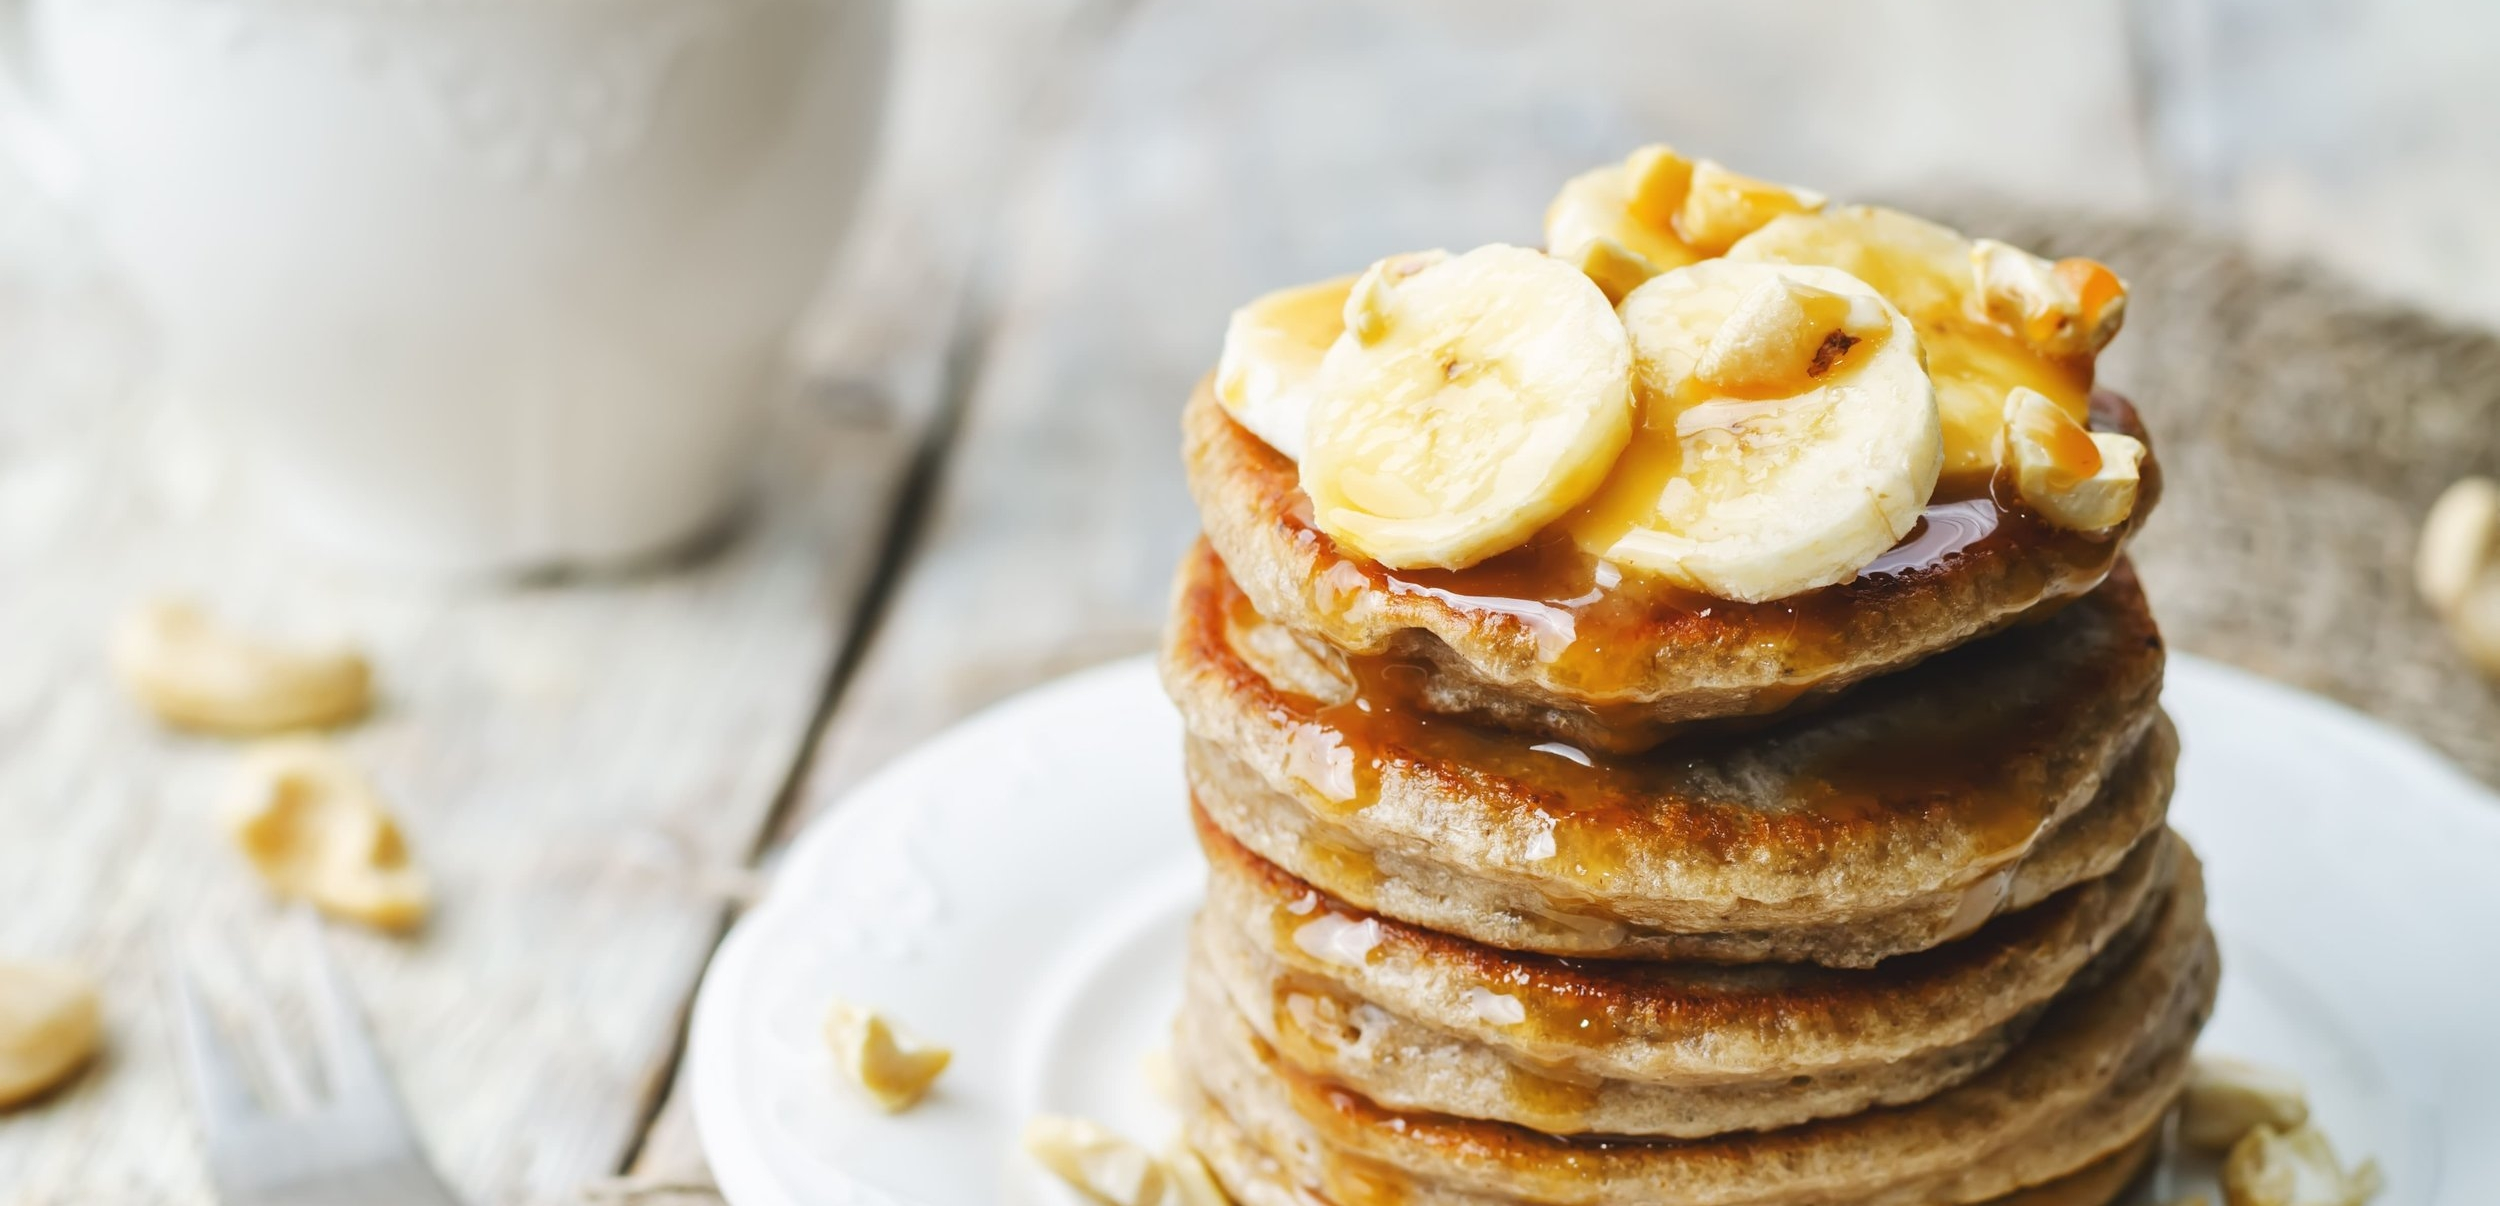 protein-packed-banana-oatmeal-pancakes.jpg
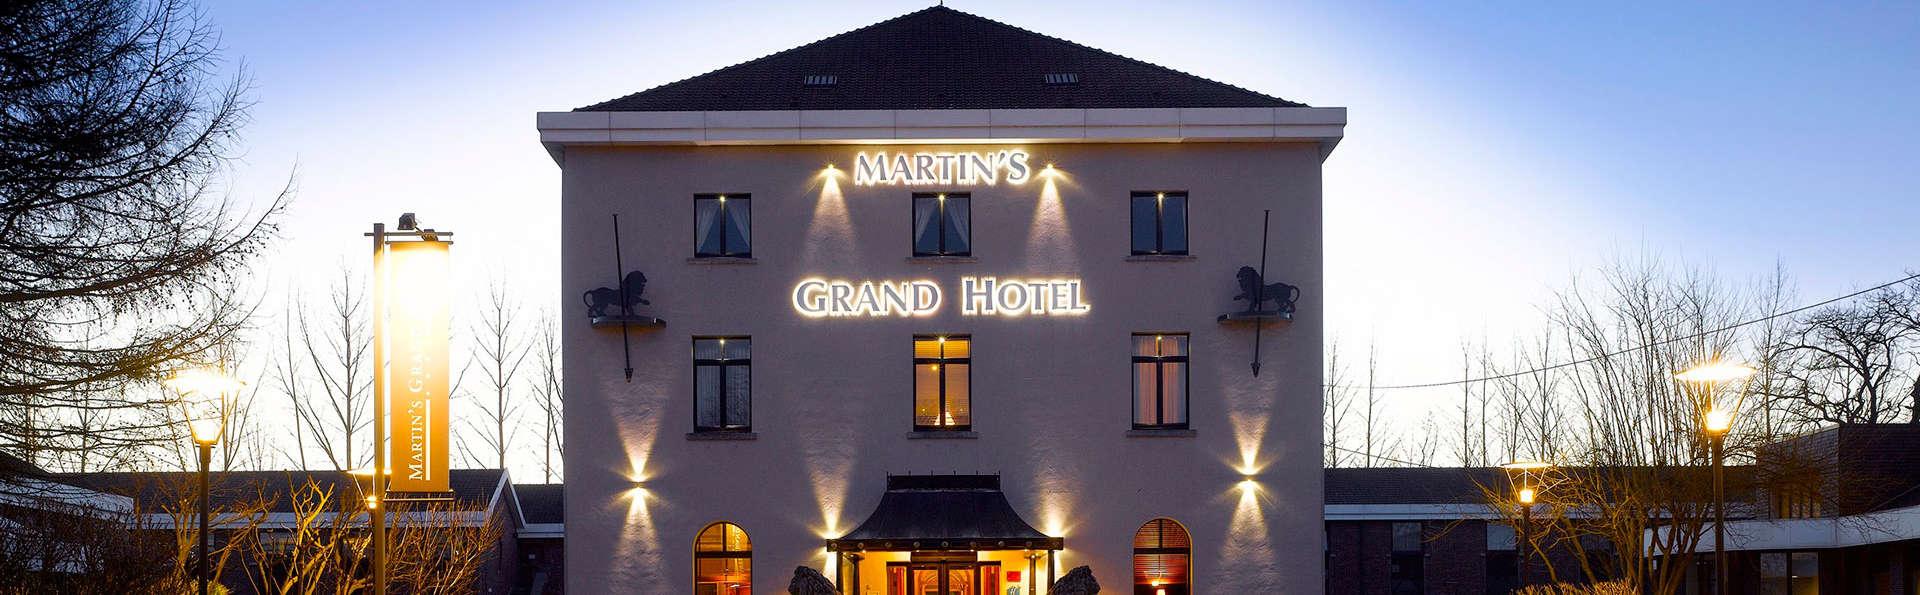 Martin's Grand Hotel - edit_front2.jpg
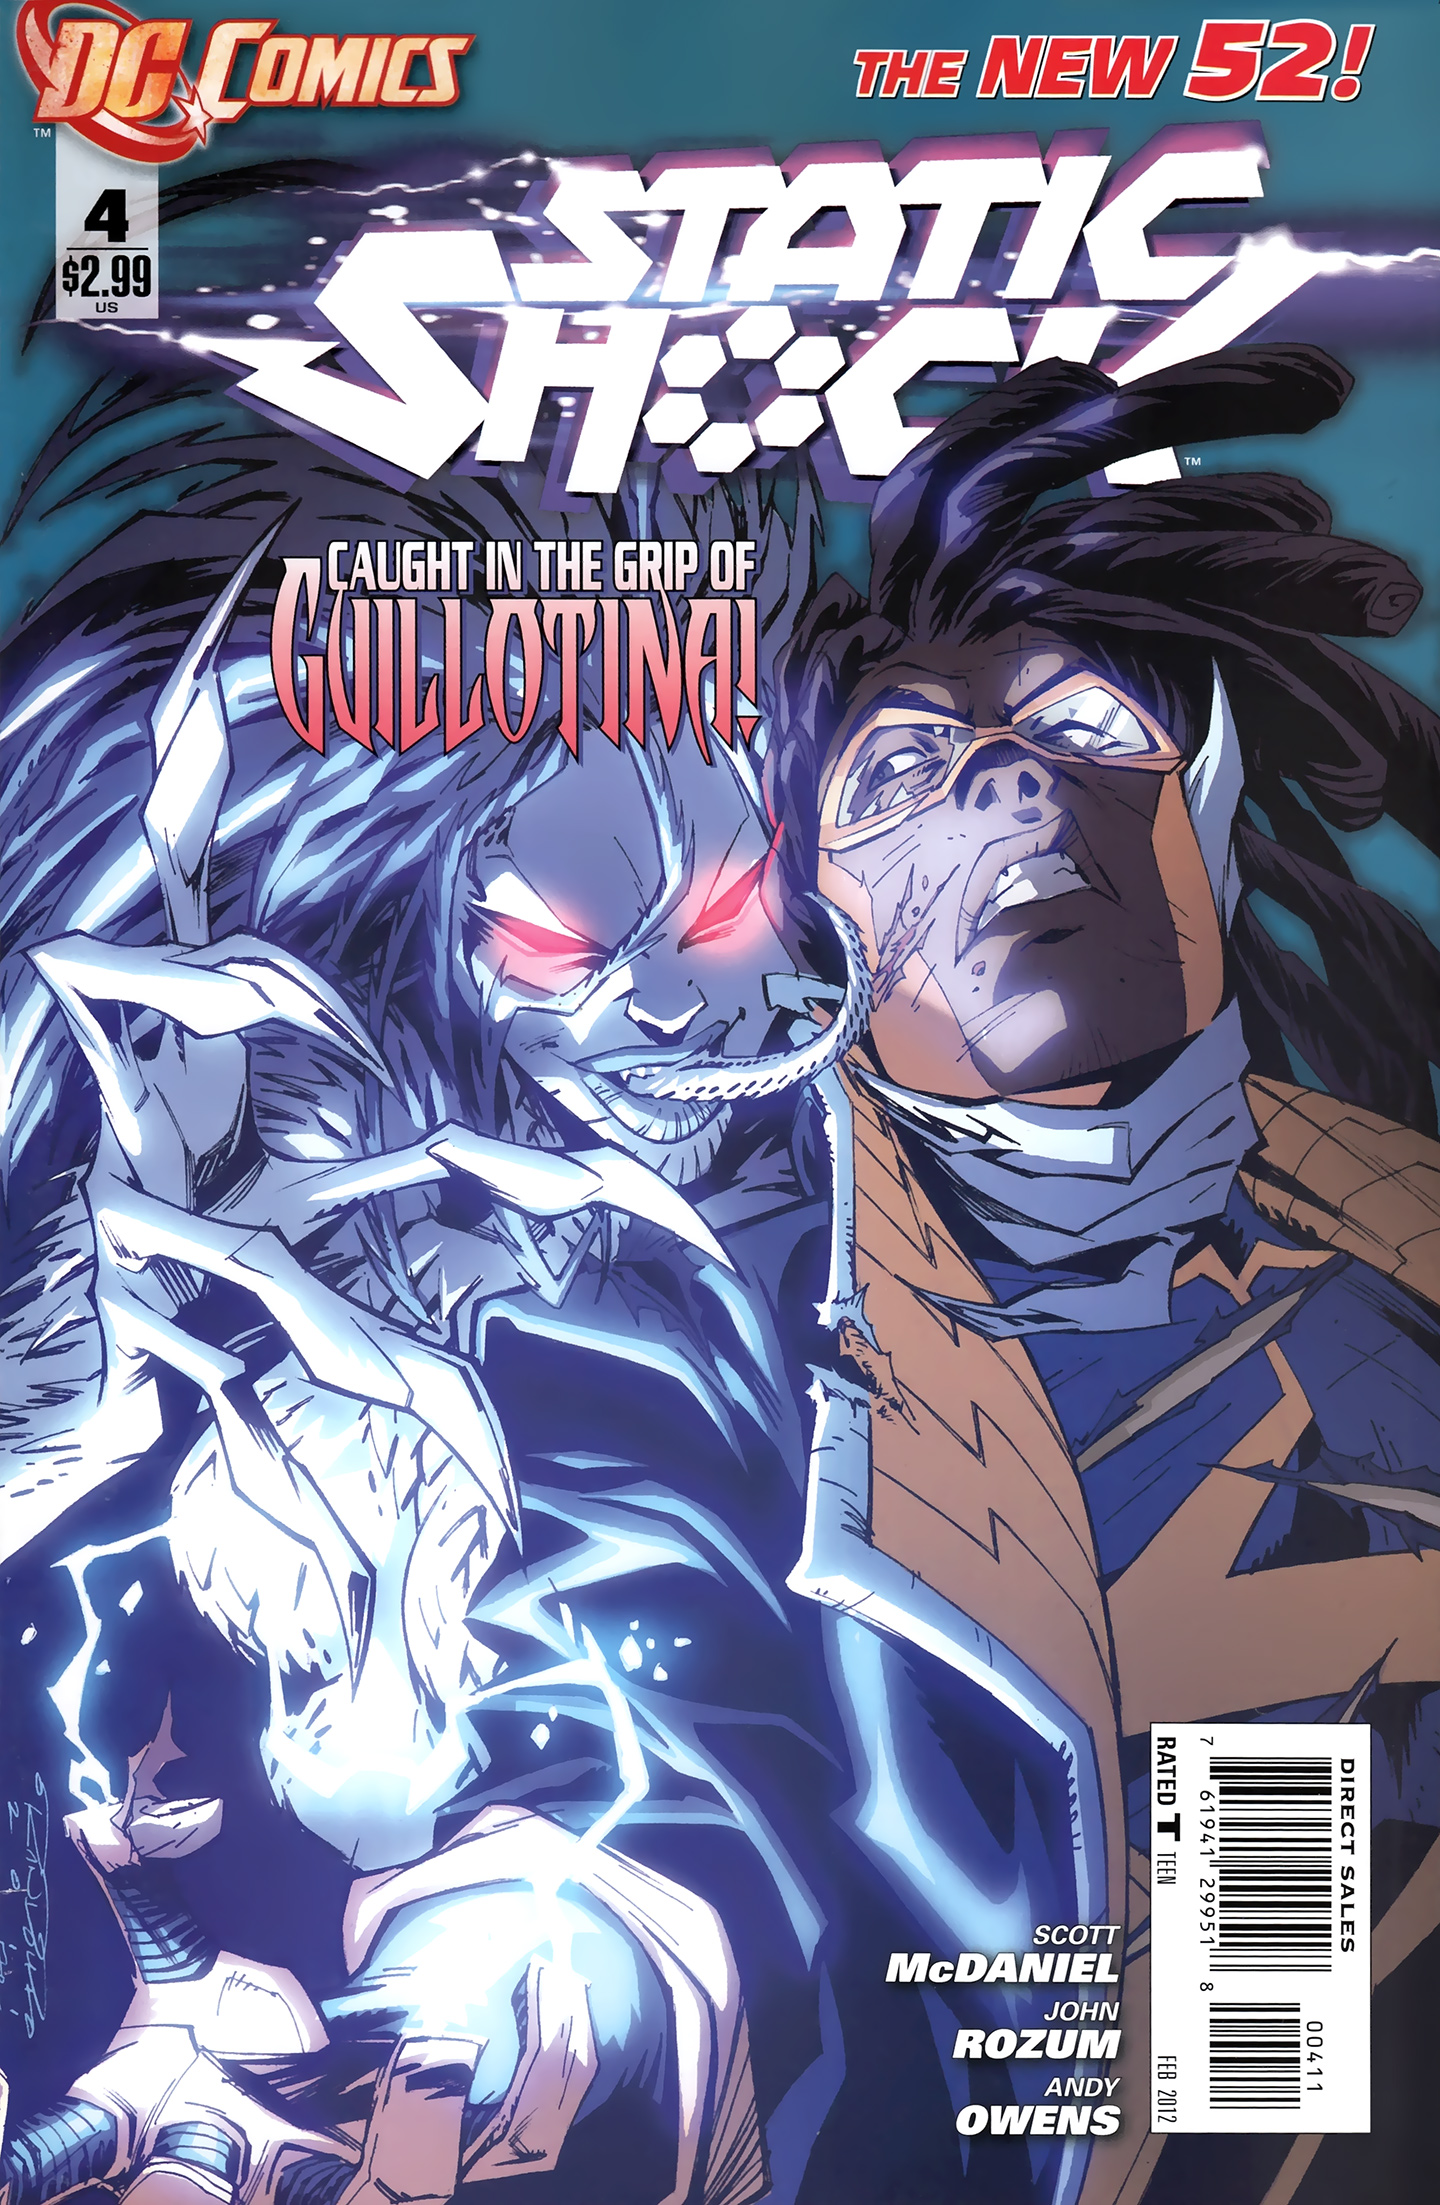 detective comics new 52 volume cbr
***
• _WHAT YOU NEED TO DO_
When you repeat the data, keep every line exact and drop the images.

• _WRITTEN RESPONSE_
 protein-packed-banana-oatmeal-pancakes.jpg
 Martin's Grand Hotel - edit_front2.jpg
 detective comics new 52 volume cbr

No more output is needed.